My God, I mean I certainly don't mind the smell of man-meat, but jesus,
this is no way for a man of my delicacies to exist. I'm a soft Yaley,
for christ's sake!
First and foremost, the goal is making our boat sail at peak potential--24/7.
That's the company line, but I'll let you in on a little secret; that's
not my agenda! Mine is to pad my resume, pad my bank account and make
it look like I really do something.
Last
night during the sail changes that everybody else did except me, it
occurred to me, again while laying in my bunk, how different a sport
this is than so many others. Here's where I drone on and on about this
sport as only I can: Ocean racing is comprised of long hours of relative
tedium in damp, often uncomfortable conditions, interspersed with short
periods of anaerobic activity--grinding winches, moving sail bags, and
generally working the boat hard. Those guys work hard, I know - they
keep me awake all night with their infernal racket! Even the ear plugs
and thingys you put over your eyes don't help. Sail changes on these
reaching legs can be especially difficult, so I've been told, and everyone
got their share of a work out. Well, almost everyone. I was busy sleeping,
er, navigating, don't you know? But instead of hitting the showers and
a change of clean clothes (including mandatory thong brief bikini and
plenty of Gold Bond in the oh-so hard to reach, but oh-so wonderful
areas!), after a stint at the gym in my goldenrod spandex tights, the
best that we can look forward to is having a bowl (dog-bowl variety)

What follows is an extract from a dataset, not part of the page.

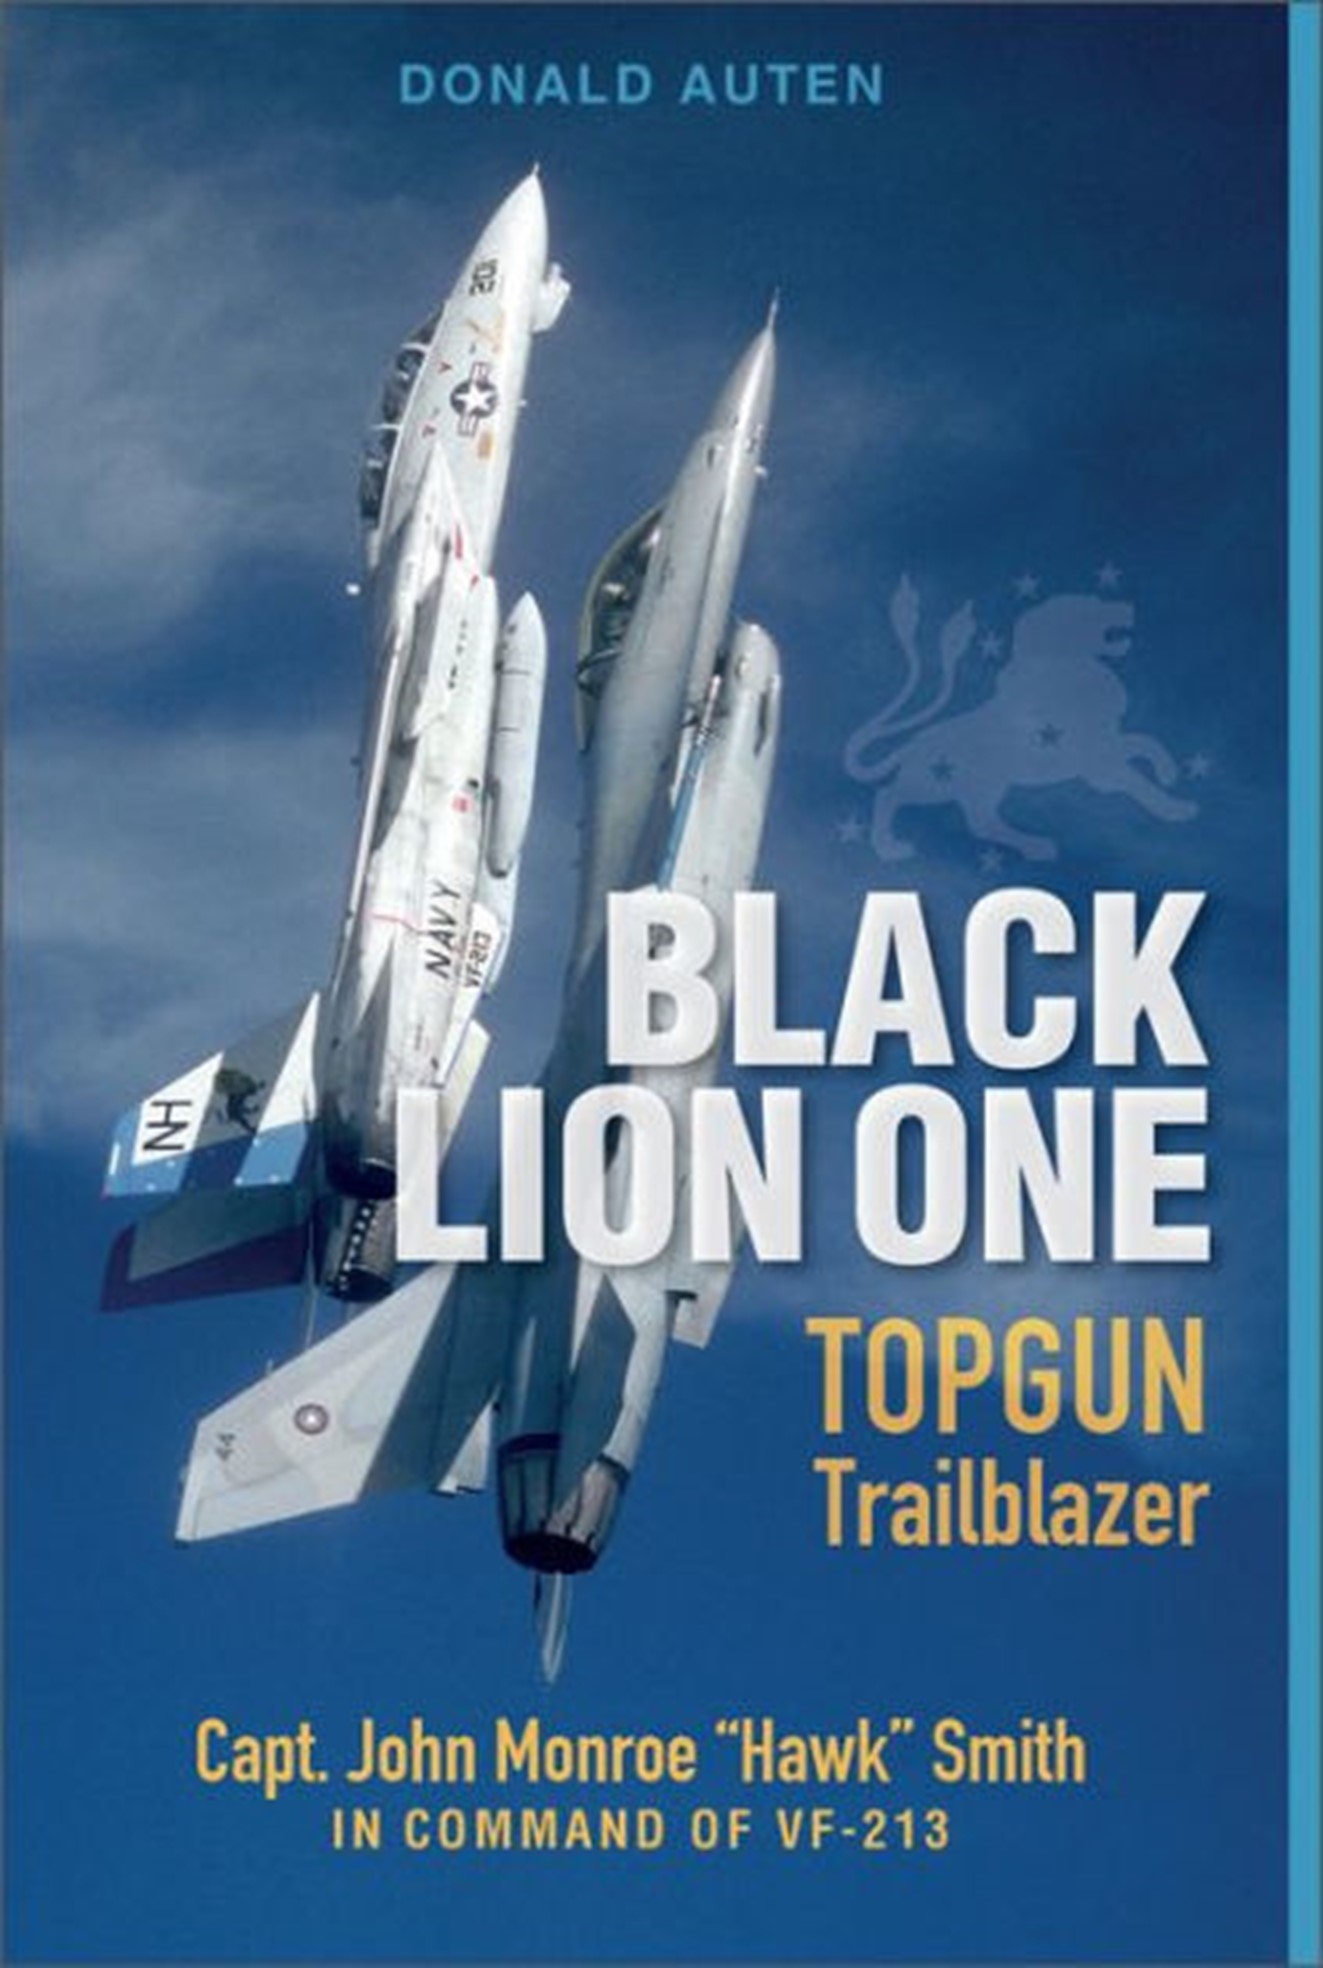 Black Lion One: TOPGUN Trailblazer Capt. John Monroe “Hawk” Smith in Command of VF-213

of freeze-dried food and climb into a rather damp sleeping bag in the
bunk for a few hours. This is so ucky!
My
job on board is one of no labor and little that can't be done by almost
anybody who knows how to push buttons. Along with my good friend ( I
say that because he just wrote me a fat check), Ross Field, the boat's
navigator and the guy who talked me into spending the Xmas holidays
in this unique fashion, I help to route the boat, which means providing
the crew on deck with all the information they need to make decisions
regarding sail changes, course adjustments, and how to deal with the
competitors. In other words I'm completely non-essential. All these
jobs were done before I got here. I contribute virtually nothing, but
remember, I'm Peter Wusler!
I
spend about half my time down below on the computers at the nav station,
downloading weather information, blah, blah, blah, the other half in
my bunk. In other words, I do almost nothing. Christ it's great to live
off my over-valued reputation. The other half (of my awake hours) I
spend up on deck-hiding in the aft quarter near the stern pulpit. I
never say a word, and mostly the fellas, who I think by now really and
truly hate me because I'm such a wuss, leave me alone. Grinding winches,
trimming sails, and talking with the crew all are things that I would
never do.
Am
I happy to be here? Isn't happy really another word for gay? Then, yes,
I'm happy. Like the rest of the crew, I'm looking forward to the finish
in Auckland, a hot shower--some real food and a dry bed. Besides, I
hear there are some great alternative lifestyle bars.
Am
I ever lonely? Not with all the other guys packed aboard this boat.
Packed. Now, there's a word I love.
Peter Wusler-Team News Corp.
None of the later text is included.